Poemlect is an interactive digital humanities visualization tool that explores the soundscapes of the Three Hundred Tang Poems (唐詩三百首) across time and languages. It bridges the gap between historical linguistics and modern appreciation by offering a comparative view of rhyme schemes in Middle Chinese (using Tupa romanization), Cantonese, and Modern Mandarin.
The application features a responsive reader that visualizes rhyme adherence in real-time, highlighting how phonological shifts over a millennium have altered the auditory experience of Tang poetry. A specialized statistics dashboard provides a "heat map" view, allowing users to instantly gauge which poems maintain their original rhyme structure in modern dialects versus those that have drifted.
Built with vanilla JavaScript and Python for data processing, Poemlect serves as both an educational resource and an aesthetic experiment, demonstrating that while the characters remain constant, the "voice" of the poem evolves. It draws inspiration from visualization projects like Poemage and utilizes open-source linguistic libraries to reconstruct these historical soundscapes.
Most of the code in this project and this document are written by Gemini 3 Pro.
- Multilingual Romanization:
- Middle Chinese: Uses Tupa romanization to approximate the original sound of the Tang Dynasty.
- Cantonese: Uses Jyutping to show how the Southern dialect preserves many auditory features.
- Mandarin: Uses Pinyin to contrast with the modern standard language.

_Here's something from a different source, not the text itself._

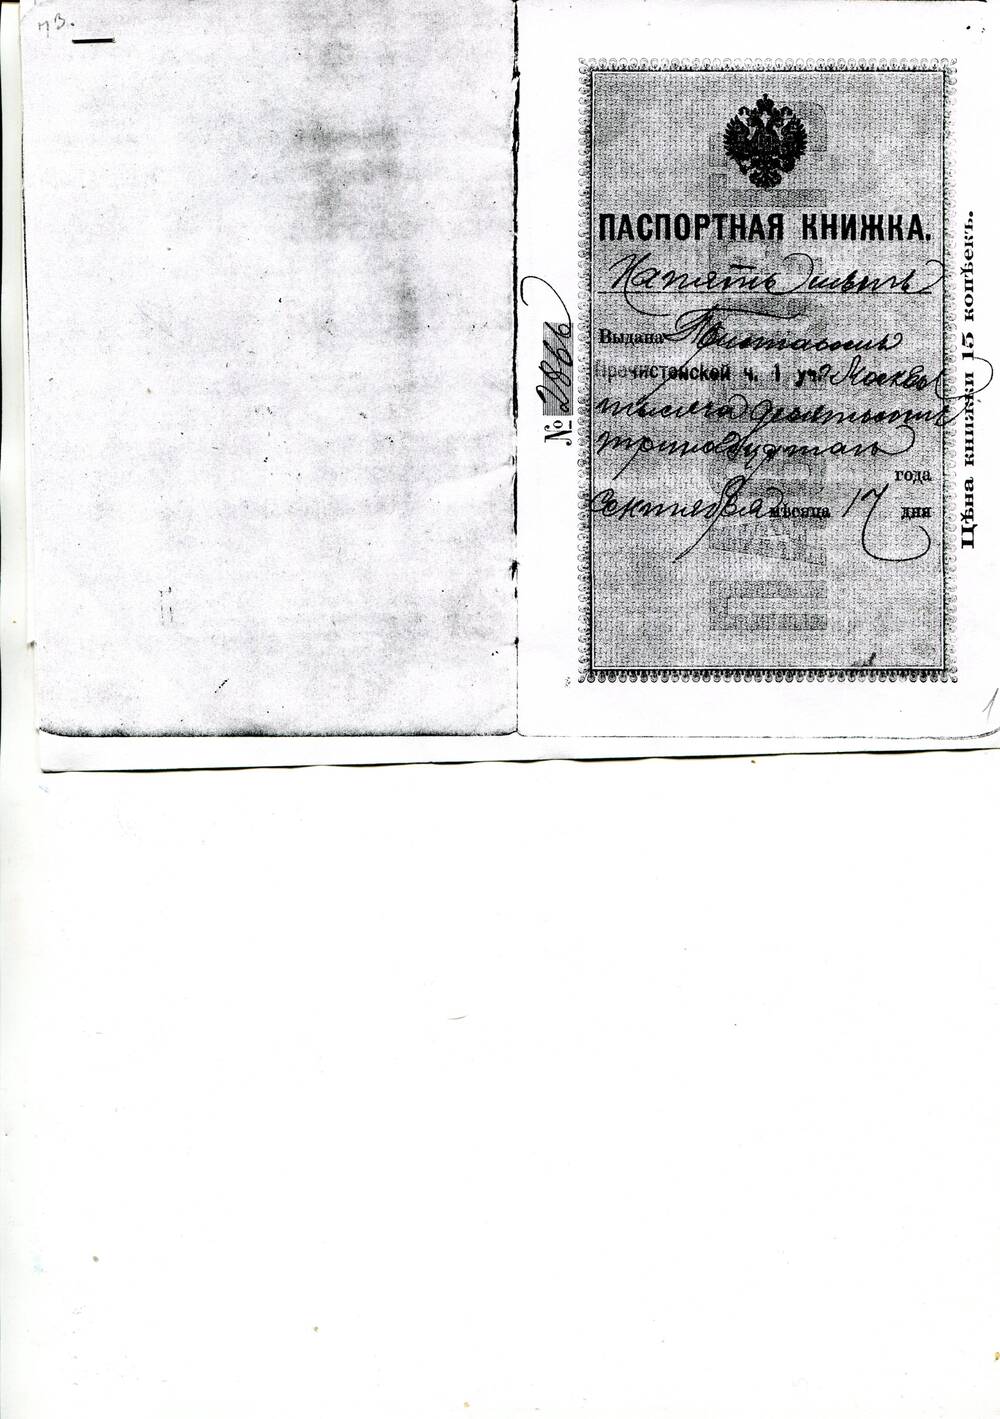 Копия паспортной книжки № 2866 Сергея Ивановича Юркевича.

- Interactive Rhyme Visualization: Color-coded rhyme markers that adapt based on the selected language.
- Statistical Heatmap: A dense grid visualization showing rhyme preservation across 300+ poems for all three languages.
- Deep Linking: Share specific poems and language views via URL parameters.

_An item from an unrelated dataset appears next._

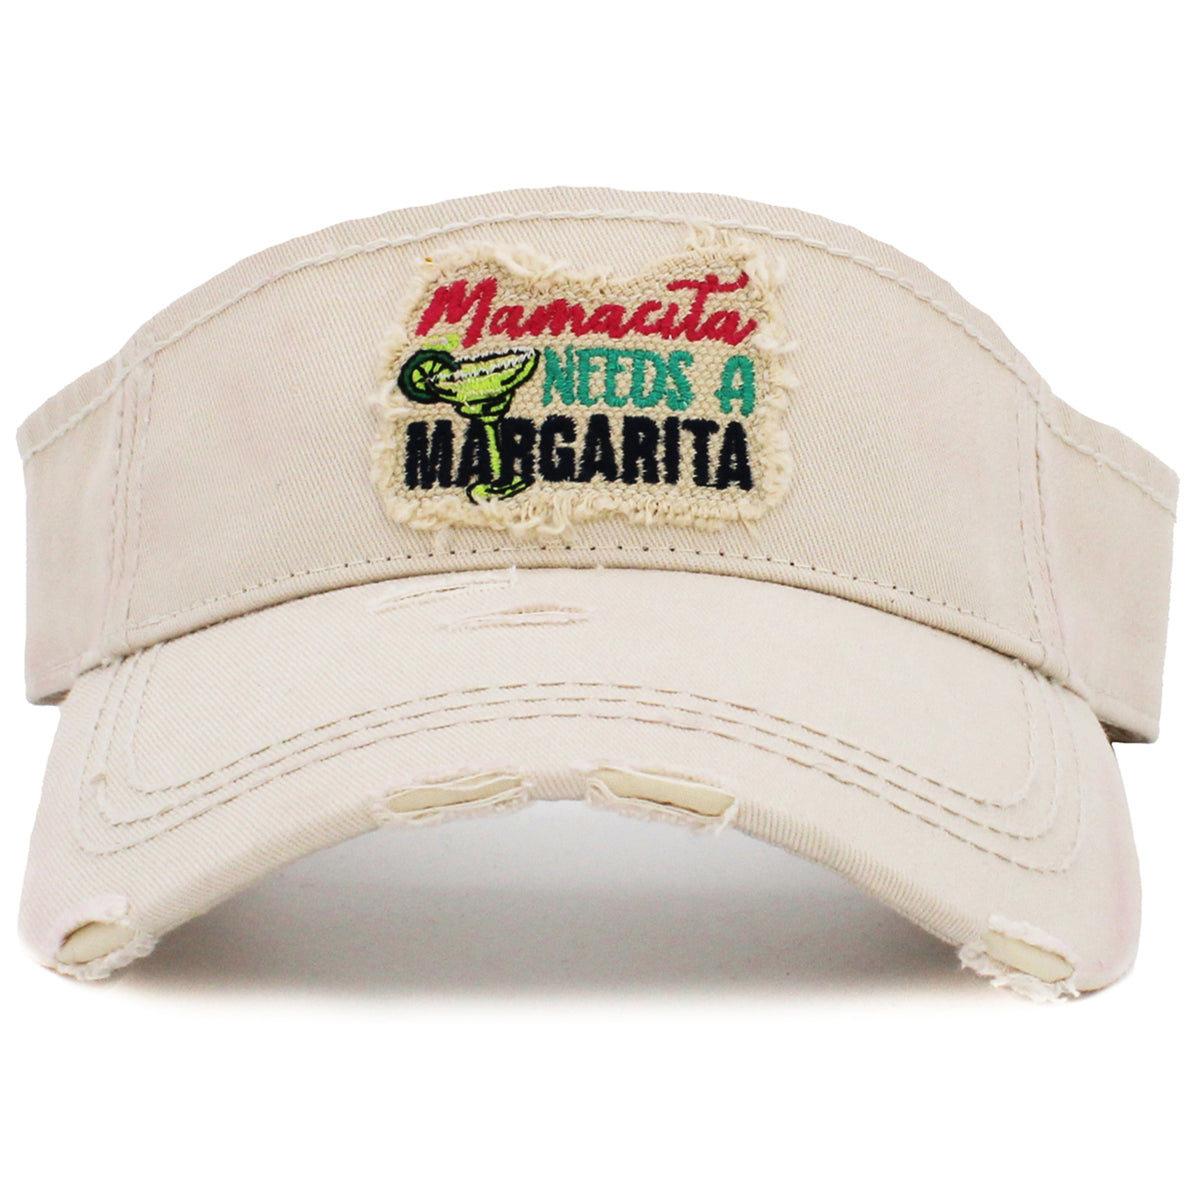 159 - Mamacita Needs a Margarita Visor - Stone

This project stands on the shoulders of open-source linguistic tools and data repositories:
- chinese-poetry: The source text for the Three Hundred Tang Poems. (MIT License)
- ToMiddleChinese: Used for Middle Chinese (Tupa) romanization.
- ToJyutping: Used for Cantonese romanization.
- pypinyin: Used for Mandarin Pinyin generation.
- Clone the repository:
git clone https://github.com/chaaklau/poemlect.git
- (Optional) Re-generate data:
The
data/poems_augmented.jsonis pre-generated. If you wish to modify the processing logic:pip install -r requirements.txt python augment_poems.py
- Run the app:
Since this is a static site, you can serve it with any static server.
python -m http.server 8000 # Open http://localhost:8000 in your browser
This project is licensed under the MIT License - see the LICENSE file for details.